Understanding DEE-SWAS

Developmental and Epileptic Encephalopathy with Spike–Wave Activation in Sleep (DEE-SWAS) is a rare childhood epilepsy syndrome that accounts for approximately 0.5% to 1.3% of all paediatric epilepsies.
It typically begins between ages 2 and 12, most often around ages 4 to 5, and is characterised by developmental regression or loss of skills and abnormal brain activity during sleep.
Prevalence: DEE-SWAS affects roughly 1 in every 200 children with epilepsy.

What happens in the brain

DEE-SWAS is marked by a distinctive EEG pattern called spike-and-wave activation during slow-wave (deep) sleep.
While the child may appear to be sleeping peacefully, the brain may be experiencing near-continuous electrical discharges — sometimes for up to 100% of deep sleep.
These “invisible seizures” interfere with the brain’s nightly process of sorting, storing, and organising information, which is critical for learning, memory, and emotional regulation.

Impact on development

Children with DEE-SWAS may halt or lose previously acquired skills, including:

• understanding and using language

• memory, learning, and attention

• reasoning and social understanding

• movement, coordination, and emotional control

These changes can occur gradually or suddenly. Families often describe watching their child’s skills fade or fluctuate from day to day — as if their child is “there but not there.”
For educators and therapists, this can appear as sudden changes in comprehension, mood, or communication, which may be mistaken for behavioural issues rather than neurological regression.

Causes

DEE-SWAS can arise from genetic causes that alter how the brain develops and functions.
Other contributing factors can include:

• Brain injury or infection

• Metabolic or structural abnormalities

• Unknown causes

Also known as

DEE-SWAS may appear under different names in clinical or research contexts, including:

• EE-SWAS (Epileptic Encephalopathy with Spike–Wave Activation in Sleep)

• CSWS (Continuous Spike-Wave during Slow-Wave Sleep)

• ESES (Electrical Status Epilepticus in Sleep)

• Landau-Kleffner Syndrome

• Atypical Benign Partial Epilepsy / Pseudo-Lennox Syndrome

• Penelope Syndrome

A helpful analogy: the brain as a library

Imagine the brain as a library filled with books that represent knowledge, memories, and skills.
Each night, a “librarian” comes in to sort and shelve what was learned that day.

In DEE-SWAS, the librarian doesn’t show up.
Instead, spike-wave discharges scatter the books across the floor.
When morning comes, the child may not remember what they learned, or may lose access to words or skills they previously had.
The brain remains a library without a librarian — disorganised, inefficient, and unable to build on what it once knew.

Current challenge: missing evidence-based supports

While advances in genetics and neuroimaging are improving medical understanding, there are still no established evidence-based interventions addressing the educational, psychosocial, and community impacts of DEE-SWAS.
This means:

• Educational settings often lack awareness of the fluctuating cognitive and communication challenges these children face.

• Therapists and allied health professionals have little evidence to guide interventions when skills change daily or regress after sleep disruption.

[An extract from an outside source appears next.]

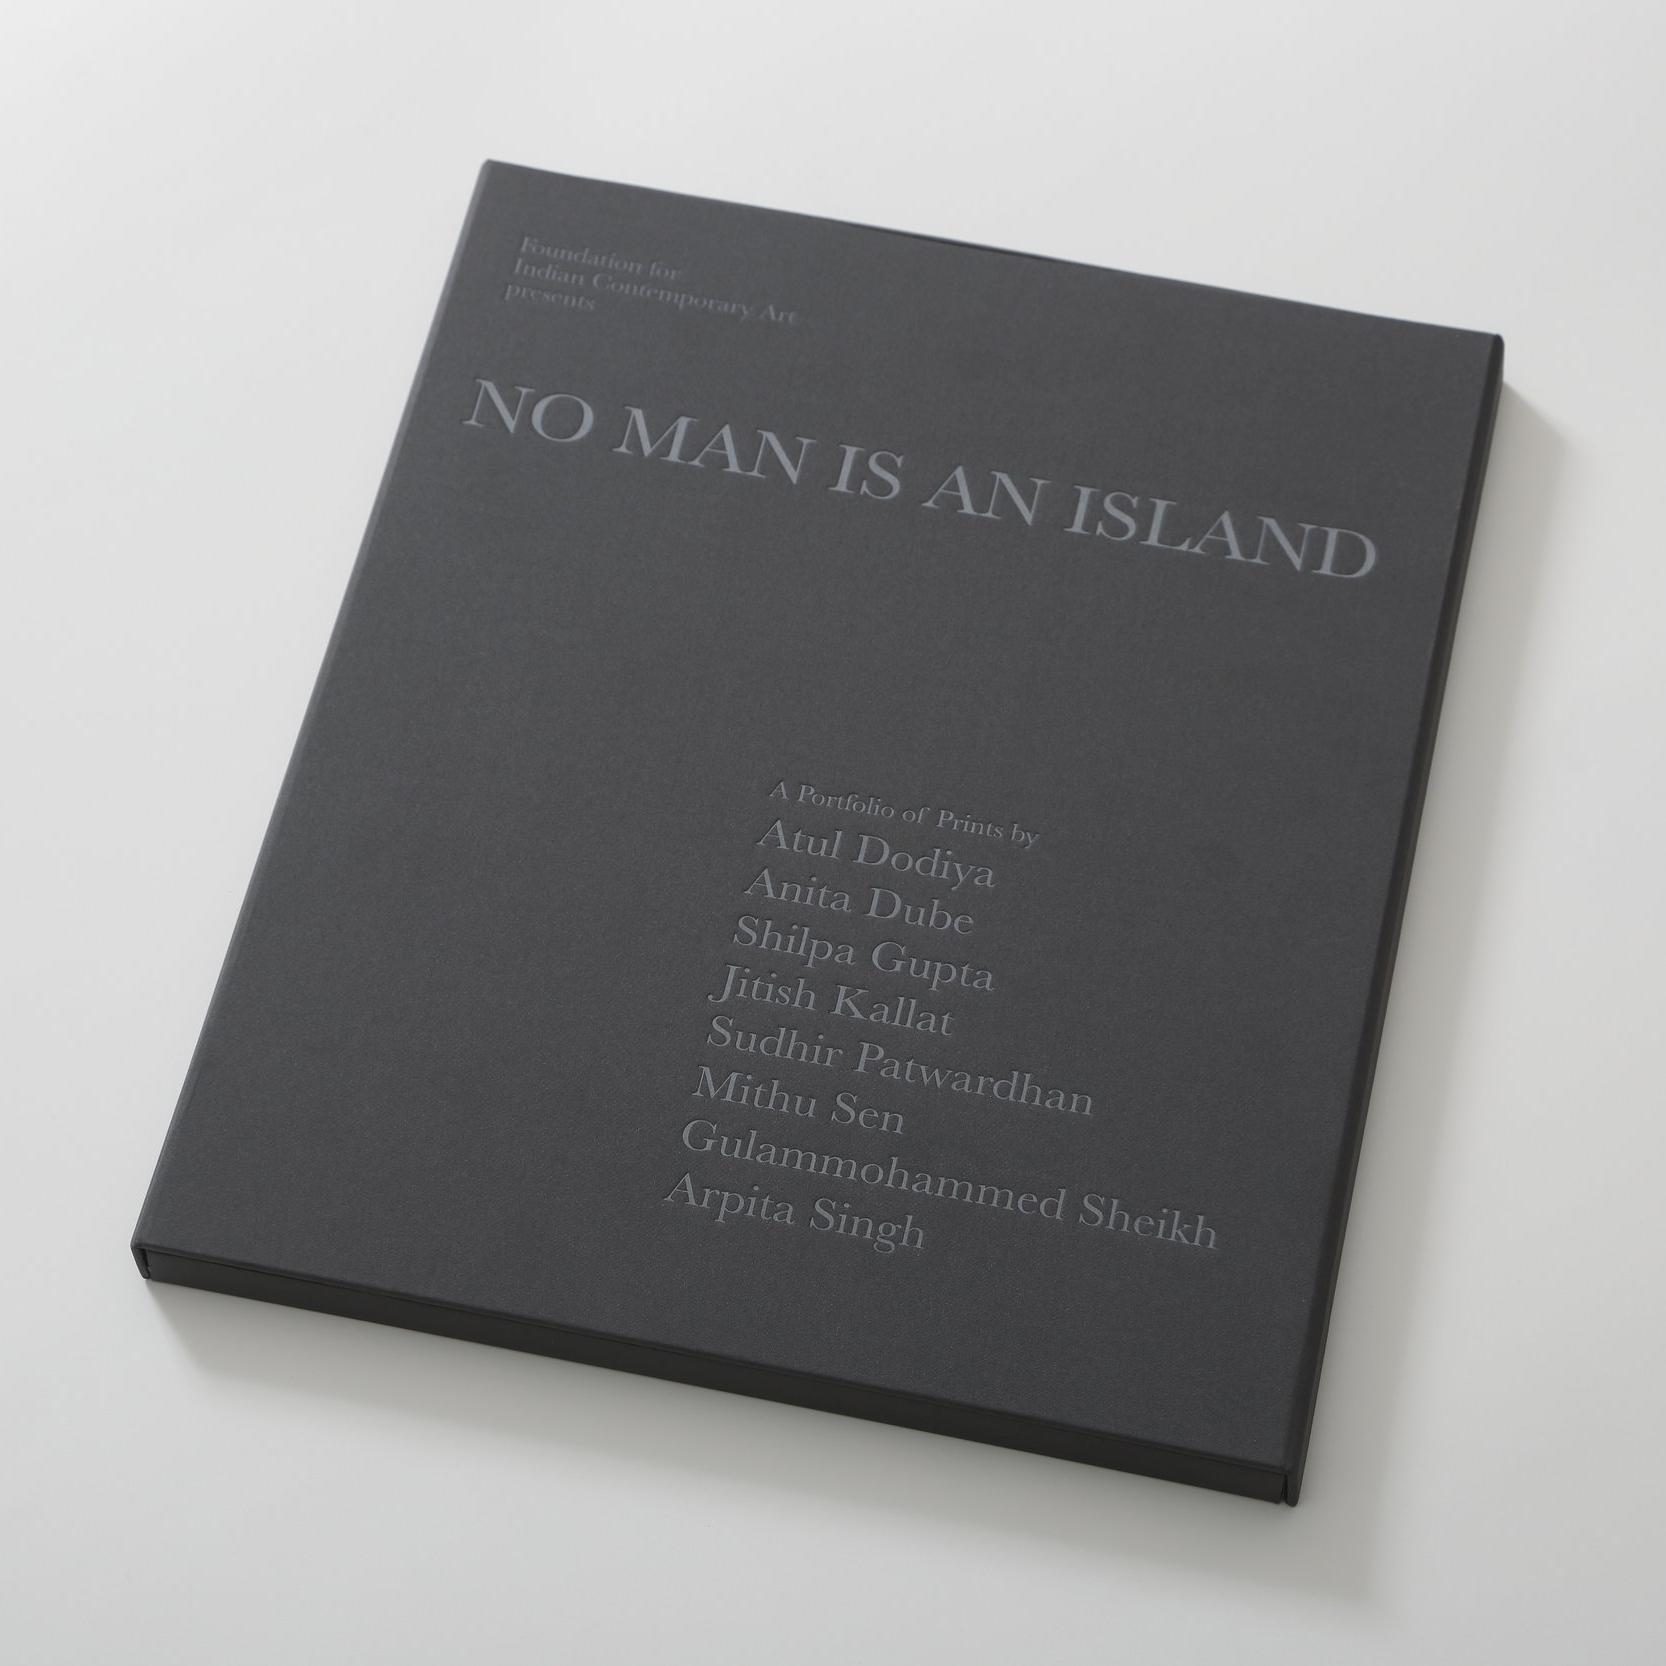 NO MAN IS AN ISLAND: A PORTFOLIO OF PRINTS

• Families are left navigating major uncertainty about how to support their child’s identity, learning, and wellbeing beyond seizure control.

At present, most research and clinical focus is on seizure suppression, while social participation, learning recovery, and emotional development remain under-researched.
Filling these gaps will require collaboration between families, educators, clinicians, and researchers — so that the focus extends beyond what is lost to what can still grow and reconnect.